Records provided ->
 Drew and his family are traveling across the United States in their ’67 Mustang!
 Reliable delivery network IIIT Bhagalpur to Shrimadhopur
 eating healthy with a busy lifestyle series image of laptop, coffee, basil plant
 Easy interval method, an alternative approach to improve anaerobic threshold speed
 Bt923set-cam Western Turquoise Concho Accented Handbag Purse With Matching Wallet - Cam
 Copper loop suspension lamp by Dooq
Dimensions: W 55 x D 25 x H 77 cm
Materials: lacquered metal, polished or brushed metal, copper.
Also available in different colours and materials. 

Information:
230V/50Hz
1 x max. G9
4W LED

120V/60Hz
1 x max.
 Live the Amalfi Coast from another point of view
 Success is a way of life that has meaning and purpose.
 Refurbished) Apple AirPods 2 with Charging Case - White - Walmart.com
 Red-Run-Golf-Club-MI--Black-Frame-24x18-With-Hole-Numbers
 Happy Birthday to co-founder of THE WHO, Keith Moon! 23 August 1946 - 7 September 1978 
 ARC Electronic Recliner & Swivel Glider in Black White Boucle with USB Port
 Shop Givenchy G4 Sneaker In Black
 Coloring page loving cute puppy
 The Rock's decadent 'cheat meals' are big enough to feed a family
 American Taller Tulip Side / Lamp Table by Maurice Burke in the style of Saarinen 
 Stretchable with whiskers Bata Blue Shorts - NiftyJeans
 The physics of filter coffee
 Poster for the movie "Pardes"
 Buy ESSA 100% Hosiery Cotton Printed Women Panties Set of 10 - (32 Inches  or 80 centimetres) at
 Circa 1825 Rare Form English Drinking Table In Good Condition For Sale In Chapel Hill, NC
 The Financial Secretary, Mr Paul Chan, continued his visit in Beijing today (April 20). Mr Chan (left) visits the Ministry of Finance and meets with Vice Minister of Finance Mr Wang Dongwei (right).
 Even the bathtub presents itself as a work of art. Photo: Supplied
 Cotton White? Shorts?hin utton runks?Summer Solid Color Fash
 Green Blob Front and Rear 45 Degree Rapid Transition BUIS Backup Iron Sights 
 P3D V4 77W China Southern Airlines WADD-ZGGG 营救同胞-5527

Assignment -> What are the exact lines from the beginning of the material through the line containing "Live the Amalfi"? Write out those lines alone.

Answer space ->
 Drew and his family are traveling across the United States in their ’67 Mustang!
 Reliable delivery network IIIT Bhagalpur to Shrimadhopur
 eating healthy with a busy lifestyle series image of laptop, coffee, basil plant
 Easy interval method, an alternative approach to improve anaerobic threshold speed
 Bt923set-cam Western Turquoise Concho Accented Handbag Purse With Matching Wallet - Cam
 Copper loop suspension lamp by Dooq
Dimensions: W 55 x D 25 x H 77 cm
Materials: lacquered metal, polished or brushed metal, copper.
Also available in different colours and materials. 

Information:
230V/50Hz
1 x max. G9
4W LED

120V/60Hz
1 x max.
 Live the Amalfi Coast from another point of view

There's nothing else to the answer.